Set up Sciagraph for production use

Sciagraph is designed as always-on profiling: it should be both robust and fast enough that you can enable it on all your production batch jobs. Then, when you find you’re using too many resources or your program is too slow, you can go back and look at the profiling results.

To run Sciagraph in production, you need to ensure four things:

  1. The sciagraph package is installed.
  2. Your program runs with SCIAGRAPH_ACCESS_KEY and SCIAGRAPH_ACCESS_SECRET environment variables set.
  3. Your program is run with Sciagraph enabled.
  4. You are keeping tracking of the resulting profiling reports.

This articles covers the first three requirements; the fourth is covered in a separate howto on keeping track of reports.

Step 1: Making sure sciagraph is installed

The sciagraph package can be installed normally from PyPI. Make sure you’re using a recent version of pip by upgrading it first; you can easily upgrade pip by running inside a virtualenv.

pip install --upgrade pip
pip install sciagraph

Given it’s just a normal PyPI package, you can add sciagraph as just another dependency to your application, by adding it to the relevant dependency list for your application:

  • requirements.txt
  • setup.py
  • Pipfile (if you’re using Pipenv)
  • pyproject.toml (if you’re using Poetry or Flit)
  • environment.yml (if you’re using Conda)

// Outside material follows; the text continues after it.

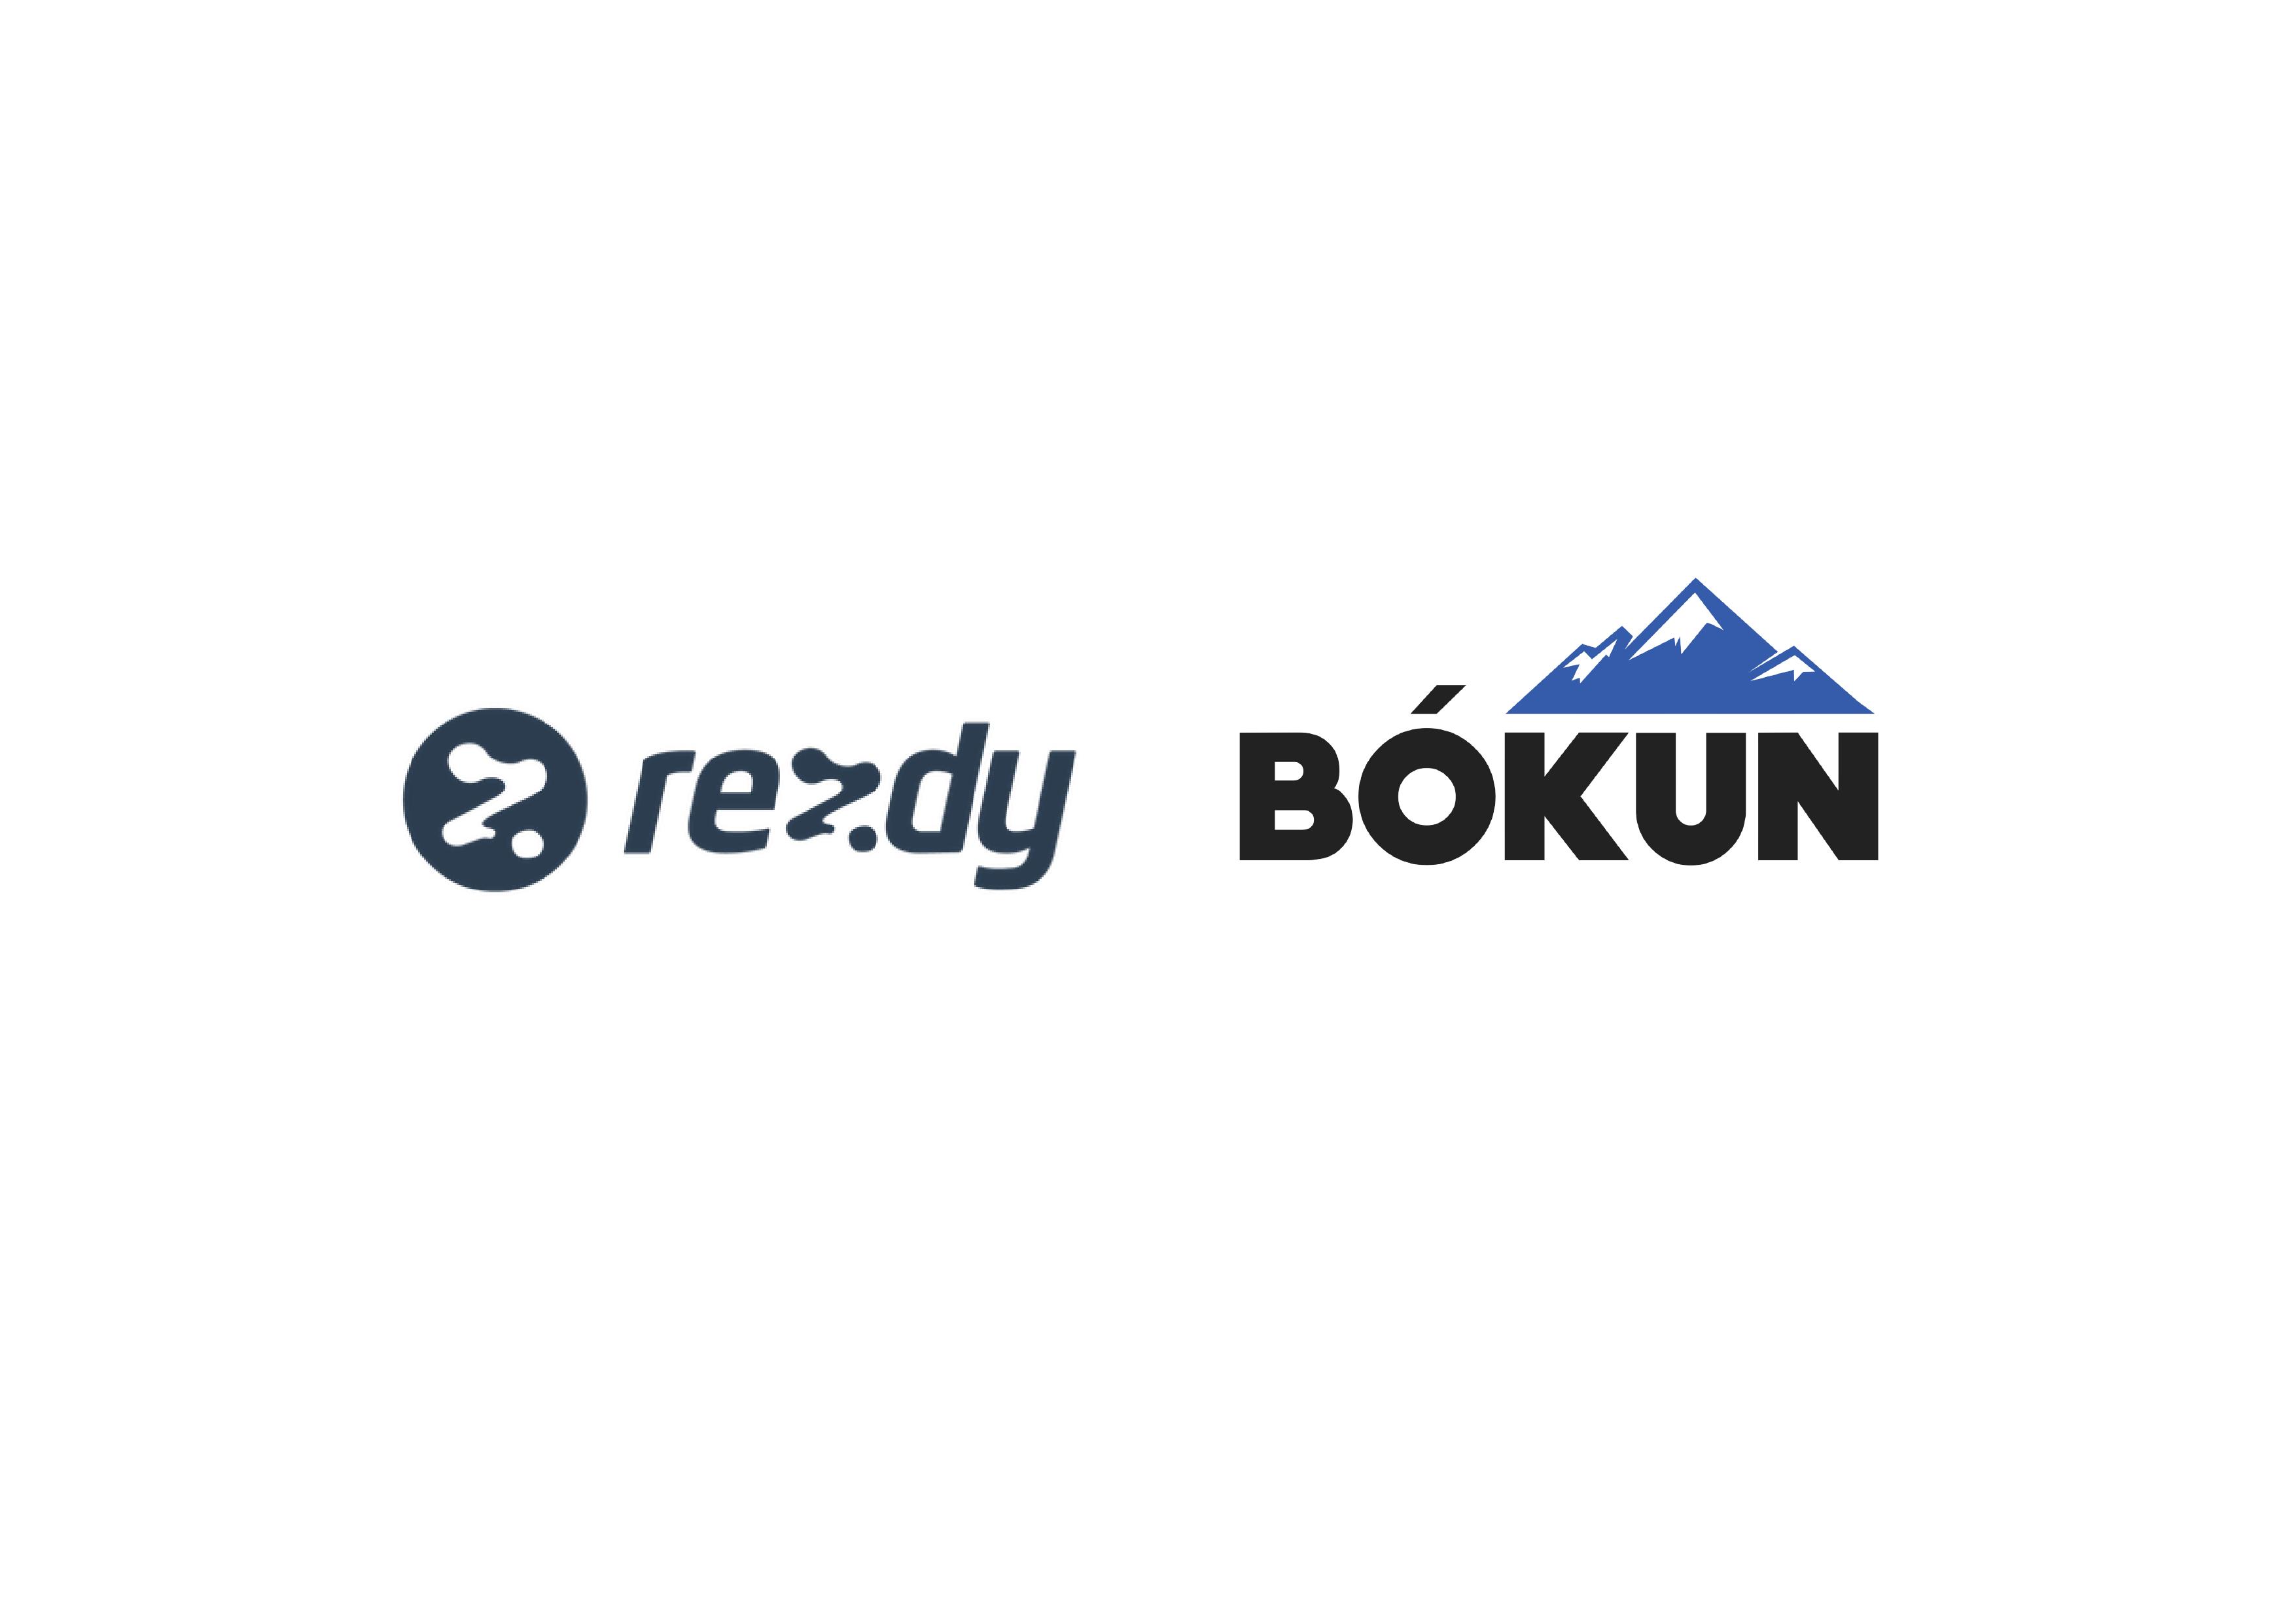 TripShock Rolls out Rezdy and Bókun Integrations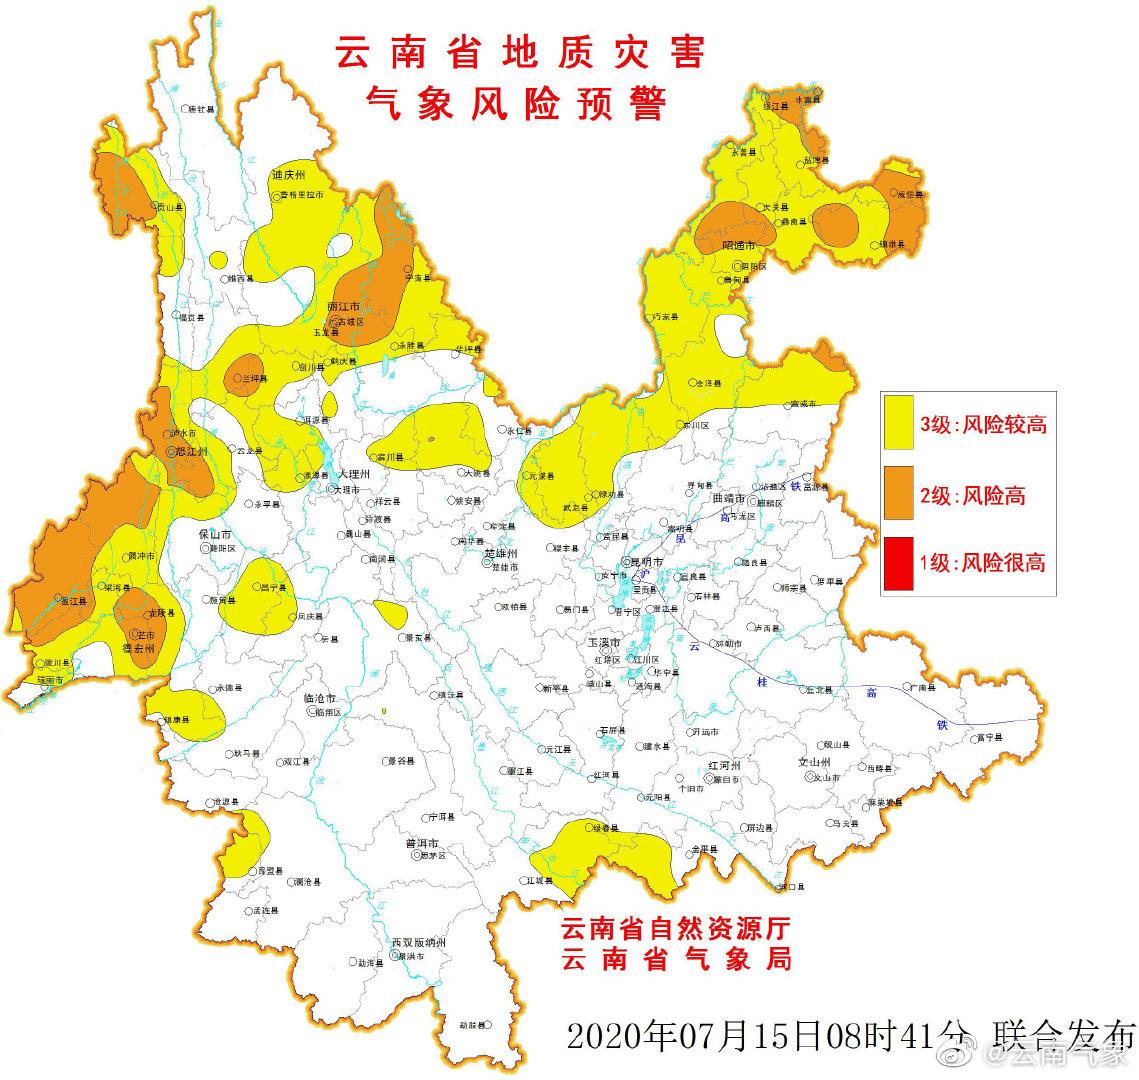 [sky平台注册]续六sky平台注册天发布地质灾害图片

Conda packages are not available yet.

Step 2: Sign up for an account

In order to use Sciagraph in production, you will need an account with the Sciagraph service. This will give you the access key for the next step.

To get an access key, sign up for a Sciagraph account.

Step 3: Making sure API token environment variables are set

In order to validate that you are a paying user of Sciagraph, you need to set two environment variables wherever your program is running: SCIAGRAPH_ACCESS_KEY and SCIAGRAPH_ACCESS_SECRET. As with other secrets, you don’t want to check these in to your source code repository. You need to get these two environment variables from your new account.

In shell scripts you can just set these with an export command:

export SCIAGRAPH_ACCESS_KEY=...
export SCIAGRAPH_ACCESS_SECRET=...

Setting environment variables in containers

Container runtimes typically have a way to set environment variables. For example:

The documentation will eventually have more detailed instructions for getting these and other runtime environments configured appropriately. Please reach out if you need help.

Step 3: Run your program with Sciagraph enabled

At the moment Sciagraph profiles you whole process, from start to finish. In the future additional options will be available for situations like Celery workers that can run multiple jobs, but for now only a single job per process is supported.

Let’s say your program is typically run like this:

$ python yourprogram.py --load=data/ --twiddle=2.718

There are two ways you can your program with Sciagraph.

Option #1: Running your program with python -m sciagraph

Instead of running your program as above, you can run it with python -m sciagraph run:

$ python -m sciagraph run yourprogram.py --load=data/ --twiddle=2.718

This launches a new Python subprocess, and that is what actually runs your code. Any arguments after run are passed to the new Python interpreter. So if your program is typically run like this:

$ python -m yourpackage arg1 arg2

You can run it with Sciagraph like so:

$ python -m sciagraph run -m yourpackage arg1 arg2

Option #2: Enabling Sciagraph using an environment variable

In some cases you can’t use python -m sciagraph. In this situations, you can instead automatically enable profiling on Python processes by setting an environment variable.

$ export SCIAGRAPH_MODE=process
$ python yourprogram.py --load=data/ --twiddle=2.718

The Python program above will be automatically profiled using Sciagraph, because that environment variable is set.

Next steps

Once you have installed Sciagraph, setting the secrets, and enabled profiling, your program will automatically run under Sciagraph profiling. When the batch process exits, it will upload the report in encrypted form, log the information needed to download the report, and store the report to local disk if you want to store reports yourself.